Audit Says U.S. Estimated $900 Million Loss on Citigroup AssetsApril 21 (Bloomberg) -- The U.S. Treasury estimated $900 million in losses as of the end of last year on $301 billion in Citigroup Inc. assets that the government is guaranteeing, according to a new audit report released today.The Treasury, the Federal Reserve and the Federal Deposit Insurance Corp. have agreed to share in losses on the assets as part of $50 billion that Citigroup has received so far under the Troubled Asset Relief Program, the $700 billion bank rescue effort enacted last year. No estimate of losses since Jan. 1 is yet available, according to the report from Neil Barofsky, special inspector general for the TARP.
The report comes as a congressional oversight panel prepares to question Treasury Secretary Timothy Geithner at a hearing today on how the Obama administration intends to revamp the TARP. White House Chief of Staff Rahm Emanuel said April 19 there were no plans to seek more funds from Congress, at least for now.
New York-based Citigroup and Bank of America Corp., based in Charlotte, North Carolina, are the only two banks participating in the Treasury’s Asset Guarantee Program, part of the bank rescue effort. Bank of America and the government haven’t yet completed an agreement on the pool of assets to be protected.
The report also discloses an ongoing audit into federal assistance to Bank of America, which has benefited from three different bank rescue programs. The audit, one of six that Barofsky’s office is currently conducting, will look at Treasury’s decision to extend aid in connection with Bank of America’s acquisition of Merrill Lynch. The audit was expanded to include the other eight large banks that received TARP funding in October 2008, the report said.
Executive CompensationToday’s inspector general report also includes new details about the Obama administration’s auto bailout program, the Treasury’s ongoing search for asset managers and the debate over new executive compensation rules.
“Treasury should address the confusion and uncertainty on executive compensation by immediately issuing the required regulations,” the report said, noting that it has been two months since Congress passed new pay limits as part of a broader economic stimulus plan.
Treasury officials told the inspector general they were working on a “comprehensive rule” on salaries and bonuses for top officials at banks receiving aid. Questions remain about how the regulations will apply to fund managers and investors in the Treasury’s new toxic-asset purchase plan.
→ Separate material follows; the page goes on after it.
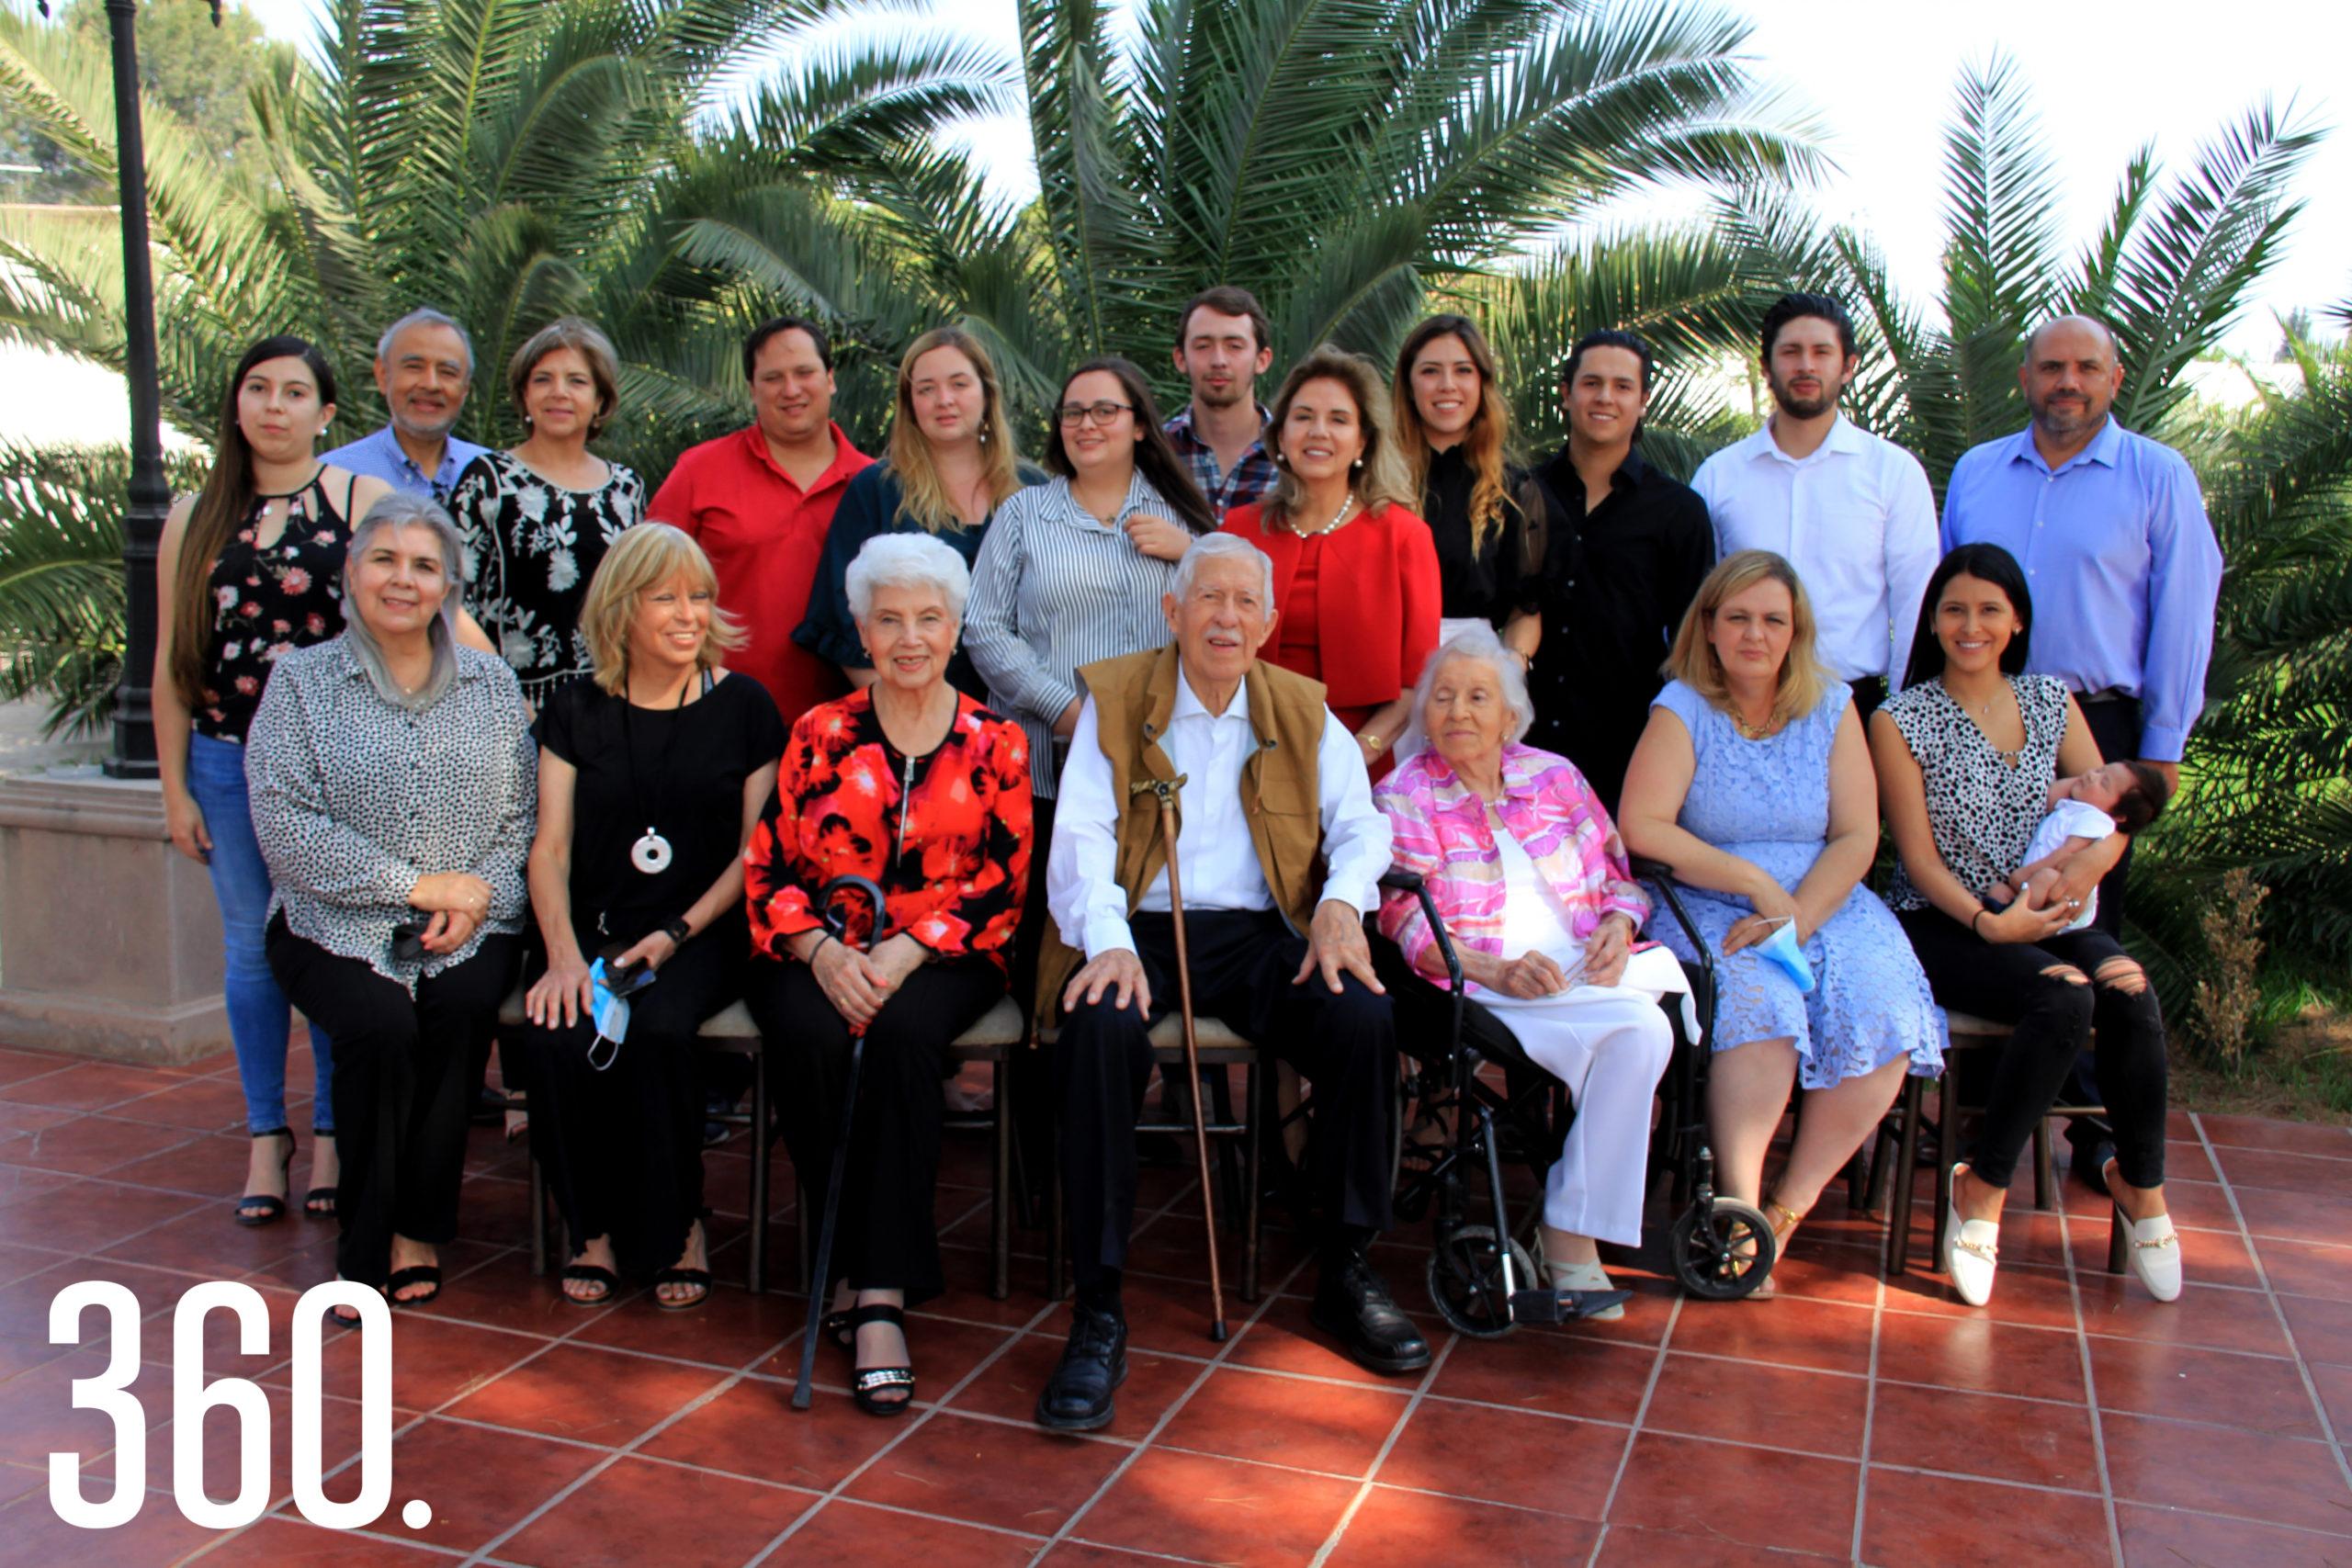 Terminado el homenaje en Palacio de Gobierno Eliseo Mendoza continuó celebrando con sus familiares con una comida en su residencia.
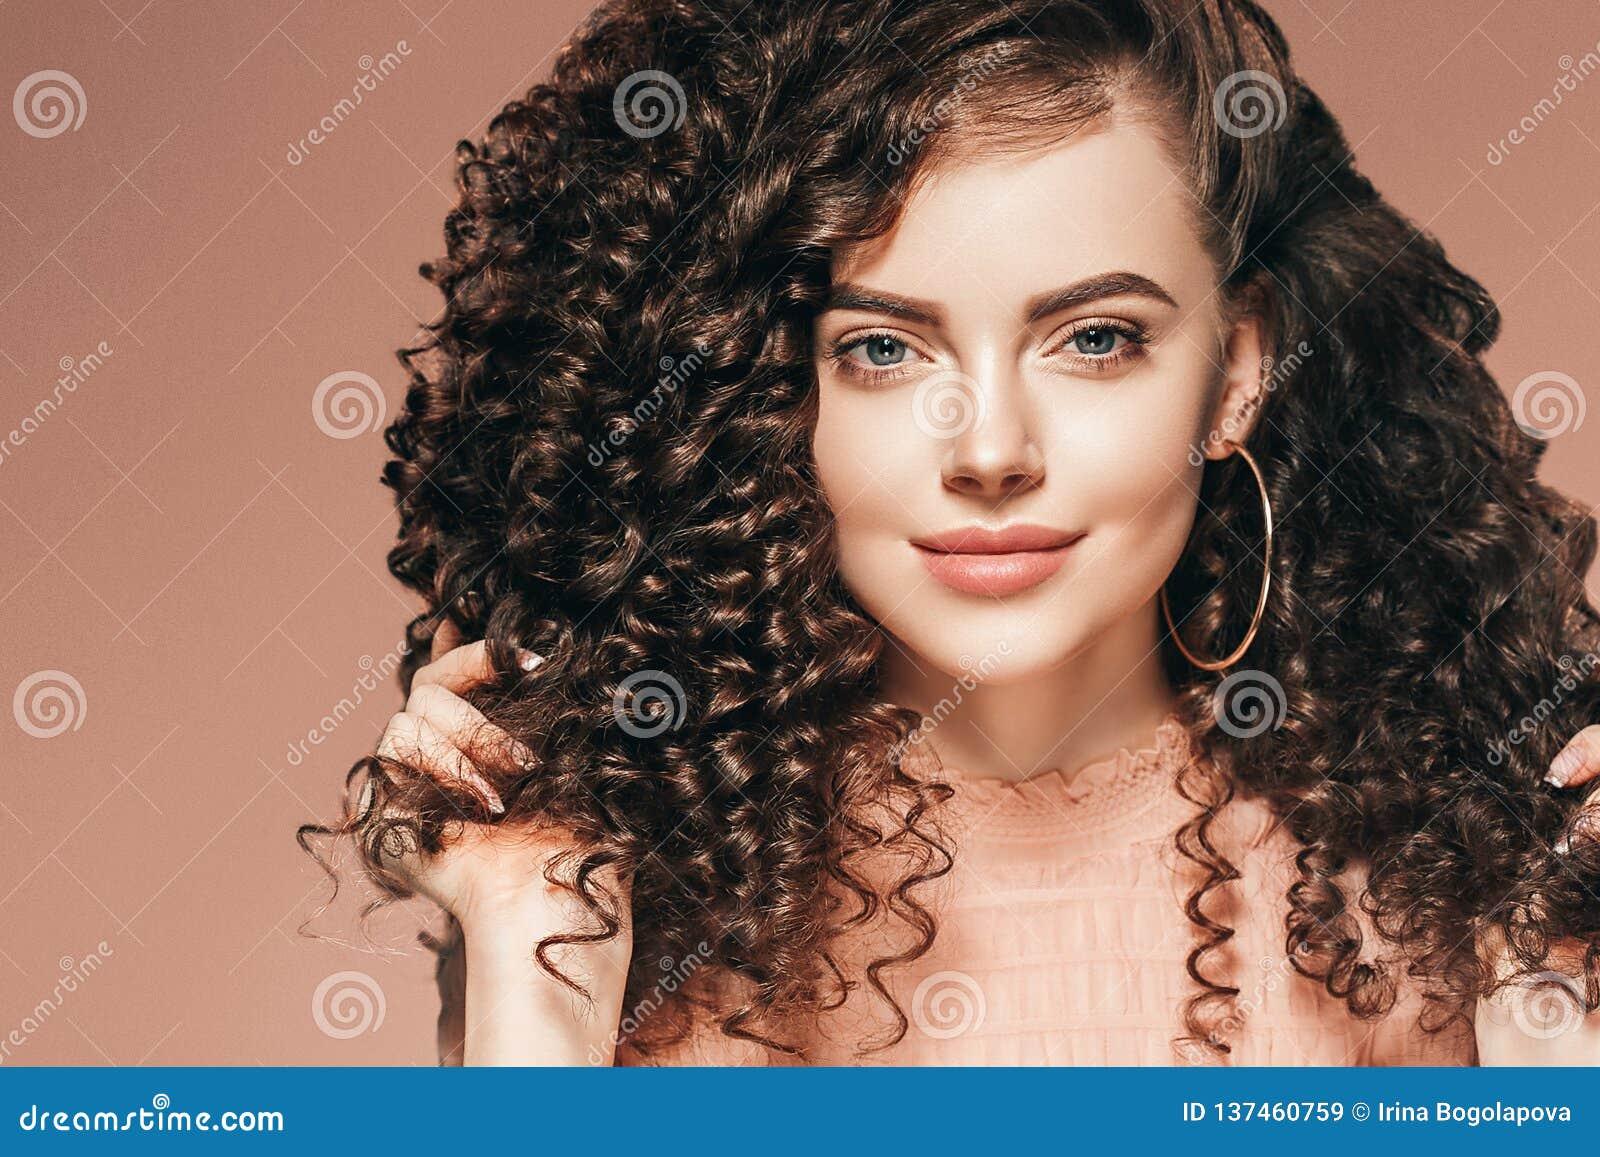 Dame de coiffure de femme de cheveux bouclés avec de longs cheveux de brune

Fund ManagersFund managers who seek to be co-owners of public-private investment partnerships, which will buy the toxic assets, might face the pay limits, the report says. It cites Treasury officials saying that in such cases, the fund managers “would not be passive investors and could be subject to the executive compensation restrictions.”
The Treasury continues to work on hiring asset managers to manage the preferred shares and other securities it has acquired through TARP, said Treasury Assistant Secretary Neel Kashkari, who manages the rescue program, in his response to the inspector general’s report.
Until the asset managers are selected, the Treasury is relying on its custodian, Bank of New York Mellon, to provide initial valuations for the portfolio, Kashkari said. BNY Mellon has hired Gifford Fong Associates to help with these efforts.
As for the auto rescue program, the report spells out financial details for two elements of the effort to help General Motors Corp. and Chrysler LLC emerge from bankruptcy.
As part of the restructuring, GM will receive up to an additional $5 billion in operating cash, on top of loans received so far, and Chrysler may access as much as $500 million in operating cash, the report says, citing Treasury estimates.
In March, the Treasury started a program to backstop warranties on new GM and Chrysler vehicles sold while the two companies restructure. The program, which took effect March 30, has an estimated cost to the government of $1.25 billion, according to the inspector general’s report.